• Available data:
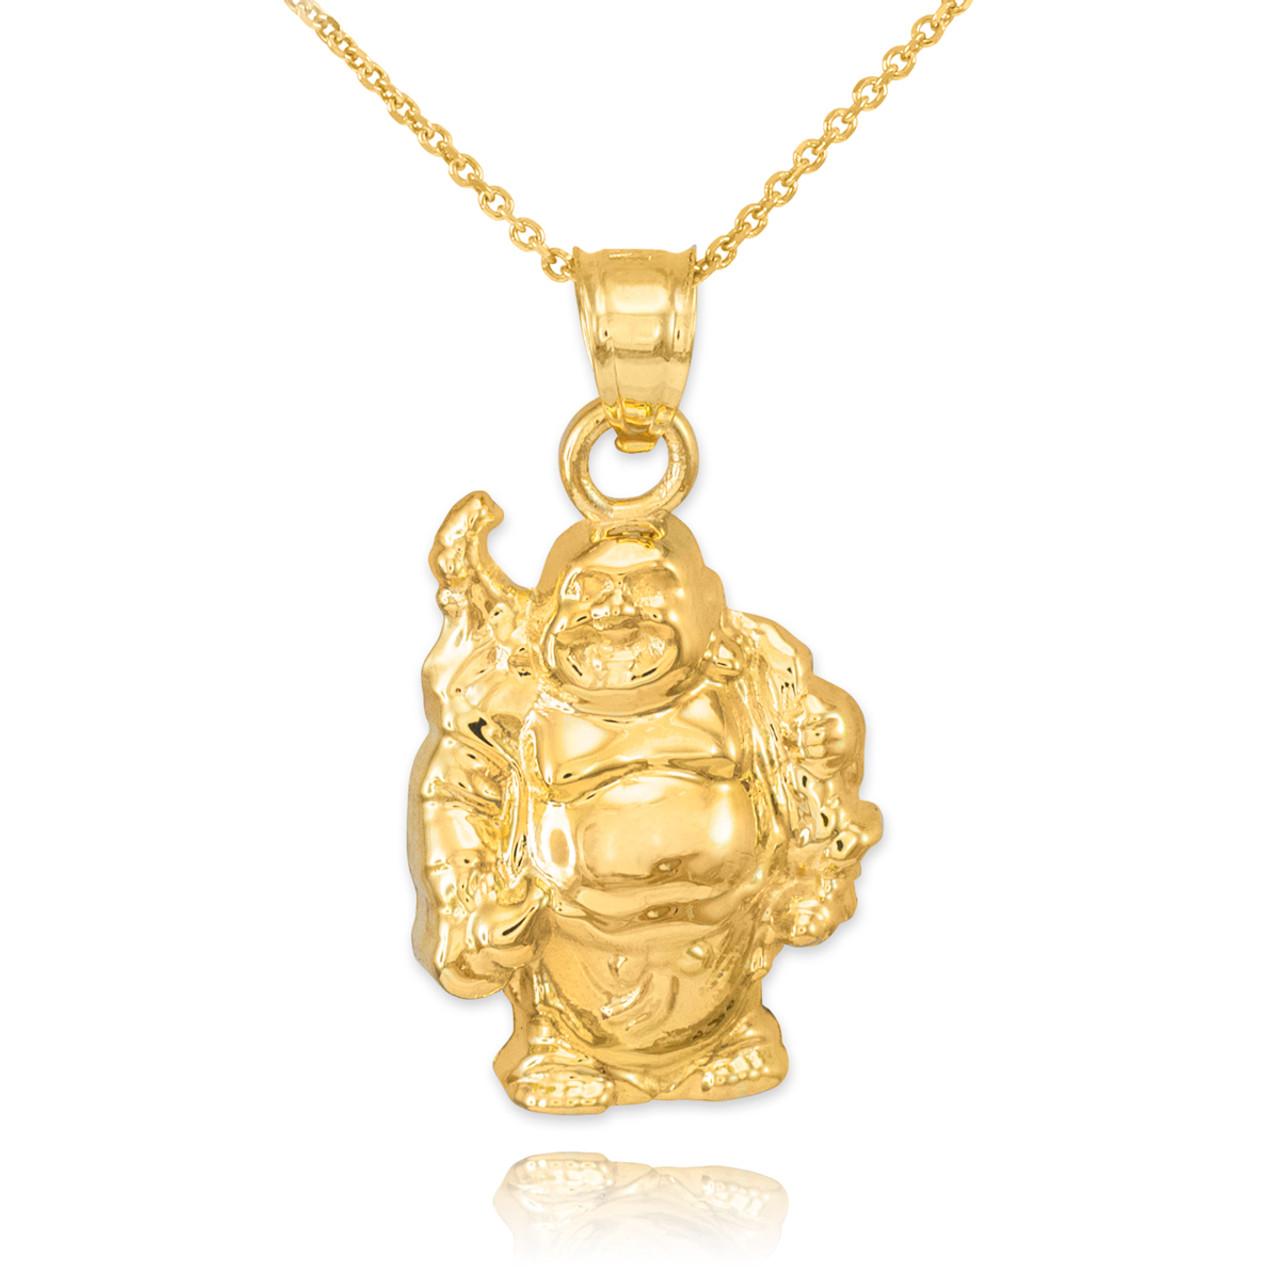 Gold laughing buddha pendant necklace buddha buddhist pendant gold laughing buddha pendant necklace aloadofball Image collections
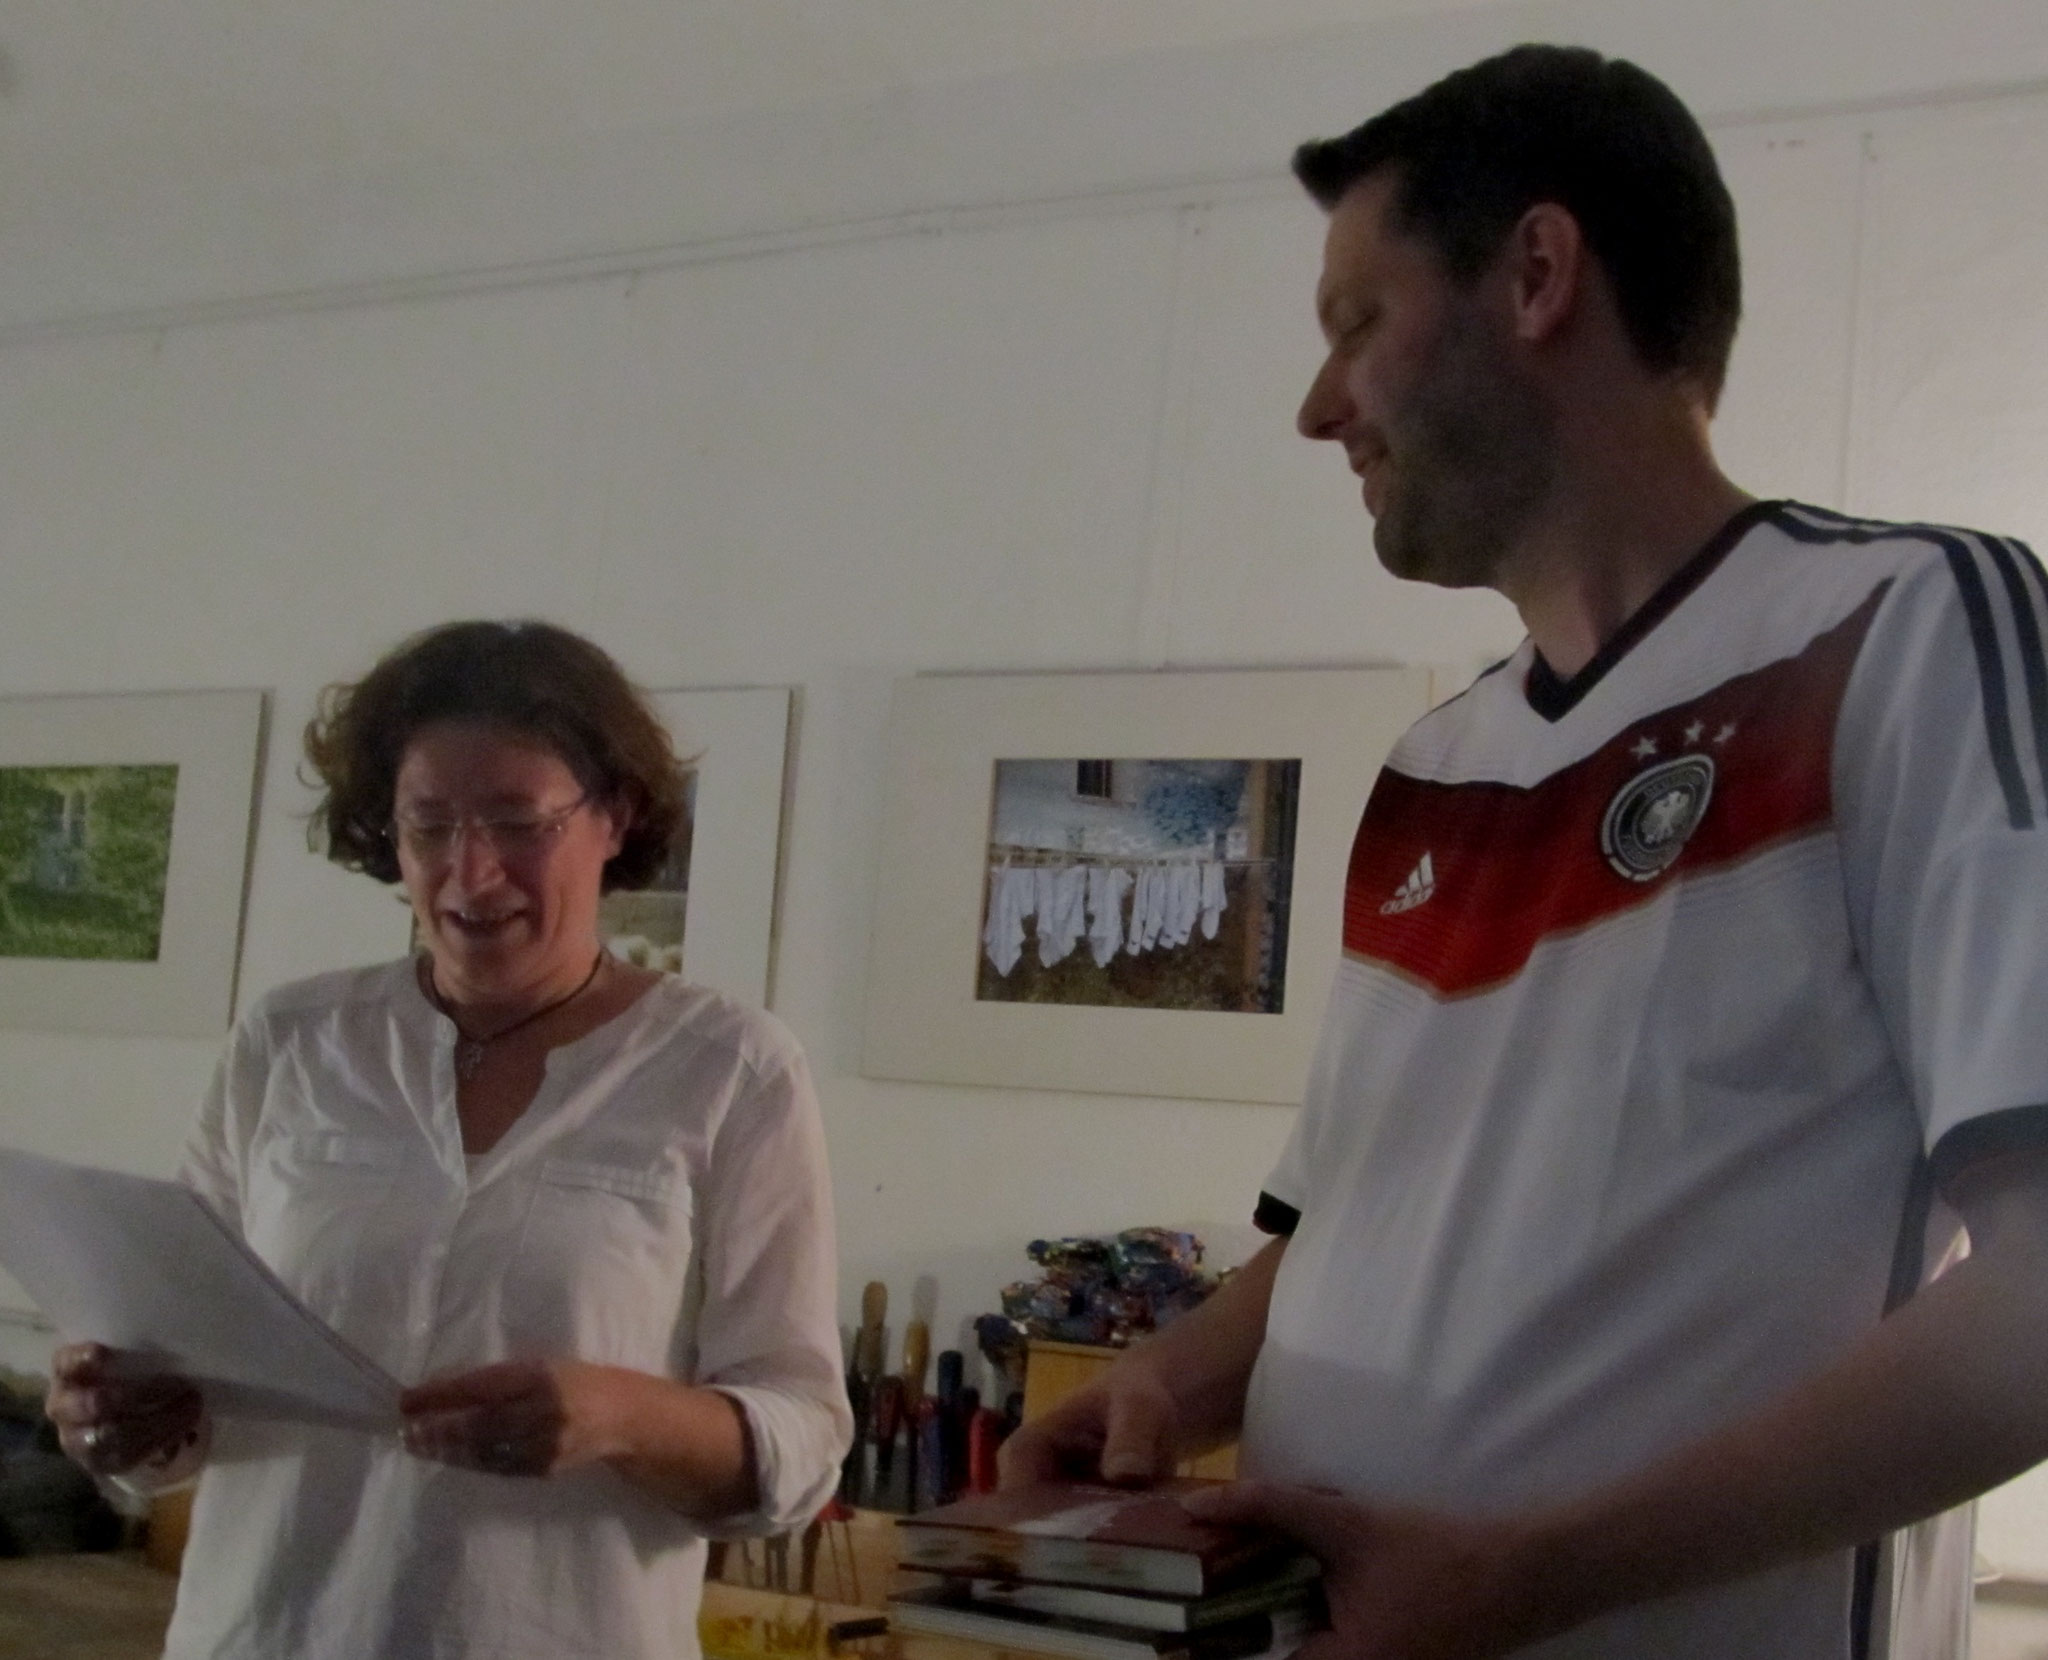 Gisela Weinhändler & Jan-Eike Hornauer
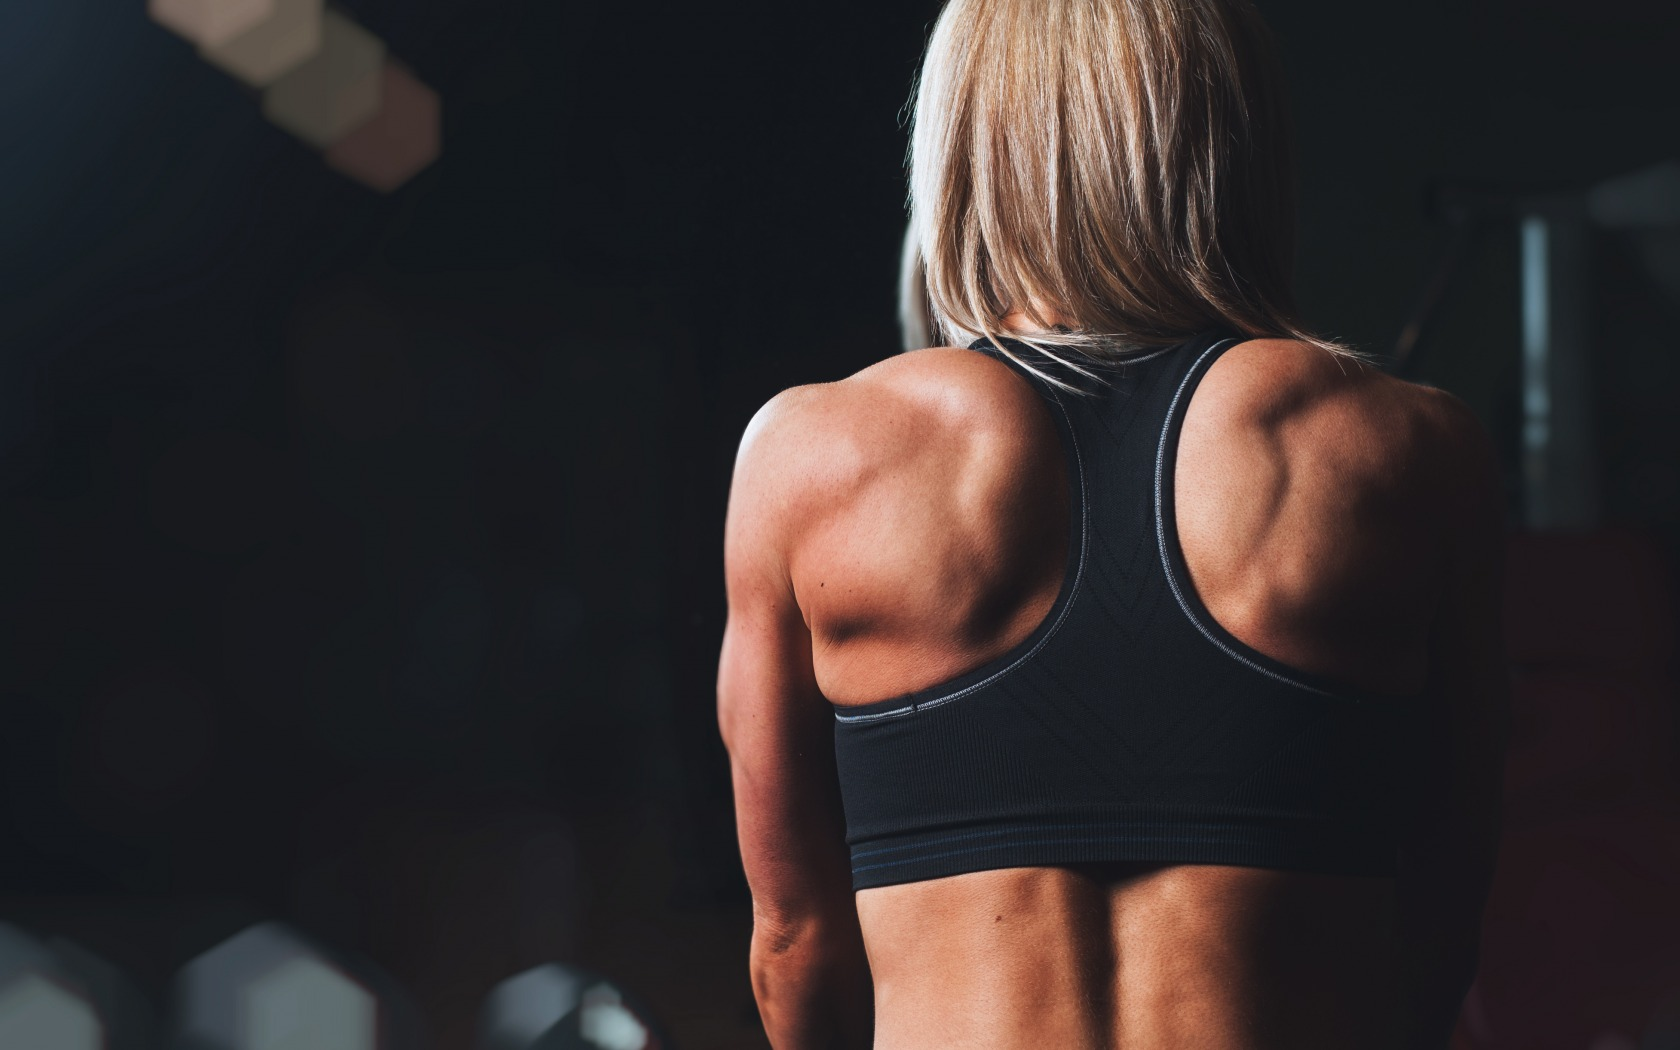 Bodybuilding Muscle Girl Fitness Wallpaper Hd Wallpapers

• Problem details: Transcribe each line of the material above verbatim, but do not include the images.

• Task output:
 Gold laughing buddha pendant necklace buddha buddhist pendant gold laughing buddha pendant necklace aloadofball Image collections
 Gisela Weinhändler & Jan-Eike Hornauer
 Bodybuilding Muscle Girl Fitness Wallpaper Hd Wallpapers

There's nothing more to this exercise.